--- PROBLEM DETAILS ---
Could you write the entries out again, exactly as they appear?

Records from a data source
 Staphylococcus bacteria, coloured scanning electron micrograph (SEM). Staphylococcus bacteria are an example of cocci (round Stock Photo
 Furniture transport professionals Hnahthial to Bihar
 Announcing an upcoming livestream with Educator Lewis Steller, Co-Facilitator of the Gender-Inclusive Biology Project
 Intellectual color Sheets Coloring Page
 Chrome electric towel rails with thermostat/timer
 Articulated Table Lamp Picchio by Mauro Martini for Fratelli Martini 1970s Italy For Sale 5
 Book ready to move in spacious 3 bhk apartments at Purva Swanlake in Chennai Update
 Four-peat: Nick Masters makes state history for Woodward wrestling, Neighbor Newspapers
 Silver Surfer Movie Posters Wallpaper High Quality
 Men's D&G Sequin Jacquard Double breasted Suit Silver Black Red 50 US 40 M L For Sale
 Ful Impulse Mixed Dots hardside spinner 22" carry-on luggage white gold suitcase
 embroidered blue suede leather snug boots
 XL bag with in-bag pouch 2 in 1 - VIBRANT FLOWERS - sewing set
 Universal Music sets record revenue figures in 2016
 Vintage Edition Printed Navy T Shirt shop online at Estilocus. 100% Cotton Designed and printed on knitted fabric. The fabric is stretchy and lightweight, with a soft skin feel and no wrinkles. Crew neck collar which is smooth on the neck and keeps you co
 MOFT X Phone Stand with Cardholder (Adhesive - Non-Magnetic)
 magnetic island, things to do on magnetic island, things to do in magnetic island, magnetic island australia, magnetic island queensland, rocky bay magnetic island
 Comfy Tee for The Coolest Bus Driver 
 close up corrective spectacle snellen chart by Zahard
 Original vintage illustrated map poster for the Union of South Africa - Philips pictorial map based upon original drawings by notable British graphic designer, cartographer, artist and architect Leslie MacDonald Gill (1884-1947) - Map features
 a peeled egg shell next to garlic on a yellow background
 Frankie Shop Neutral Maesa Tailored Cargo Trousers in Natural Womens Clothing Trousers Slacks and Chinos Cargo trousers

--- SOLUTION TO THE PROBLEM ---
 Staphylococcus bacteria, coloured scanning electron micrograph (SEM). Staphylococcus bacteria are an example of cocci (round Stock Photo
 Furniture transport professionals Hnahthial to Bihar
 Announcing an upcoming livestream with Educator Lewis Steller, Co-Facilitator of the Gender-Inclusive Biology Project
 Intellectual color Sheets Coloring Page
 Chrome electric towel rails with thermostat/timer
 Articulated Table Lamp Picchio by Mauro Martini for Fratelli Martini 1970s Italy For Sale 5
 Book ready to move in spacious 3 bhk apartments at Purva Swanlake in Chennai Update
 Four-peat: Nick Masters makes state history for Woodward wrestling, Neighbor Newspapers
 Silver Surfer Movie Posters Wallpaper High Quality
 Men's D&G Sequin Jacquard Double breasted Suit Silver Black Red 50 US 40 M L For Sale
 Ful Impulse Mixed Dots hardside spinner 22" carry-on luggage white gold suitcase
 embroidered blue suede leather snug boots
 XL bag with in-bag pouch 2 in 1 - VIBRANT FLOWERS - sewing set
 Universal Music sets record revenue figures in 2016
 Vintage Edition Printed Navy T Shirt shop online at Estilocus. 100% Cotton Designed and printed on knitted fabric. The fabric is stretchy and lightweight, with a soft skin feel and no wrinkles. Crew neck collar which is smooth on the neck and keeps you co
 MOFT X Phone Stand with Cardholder (Adhesive - Non-Magnetic)
 magnetic island, things to do on magnetic island, things to do in magnetic island, magnetic island australia, magnetic island queensland, rocky bay magnetic island
 Comfy Tee for The Coolest Bus Driver 
 close up corrective spectacle snellen chart by Zahard
 Original vintage illustrated map poster for the Union of South Africa - Philips pictorial map based upon original drawings by notable British graphic designer, cartographer, artist and architect Leslie MacDonald Gill (1884-1947) - Map features
 a peeled egg shell next to garlic on a yellow background
 Frankie Shop Neutral Maesa Tailored Cargo Trousers in Natural Womens Clothing Trousers Slacks and Chinos Cargo trousers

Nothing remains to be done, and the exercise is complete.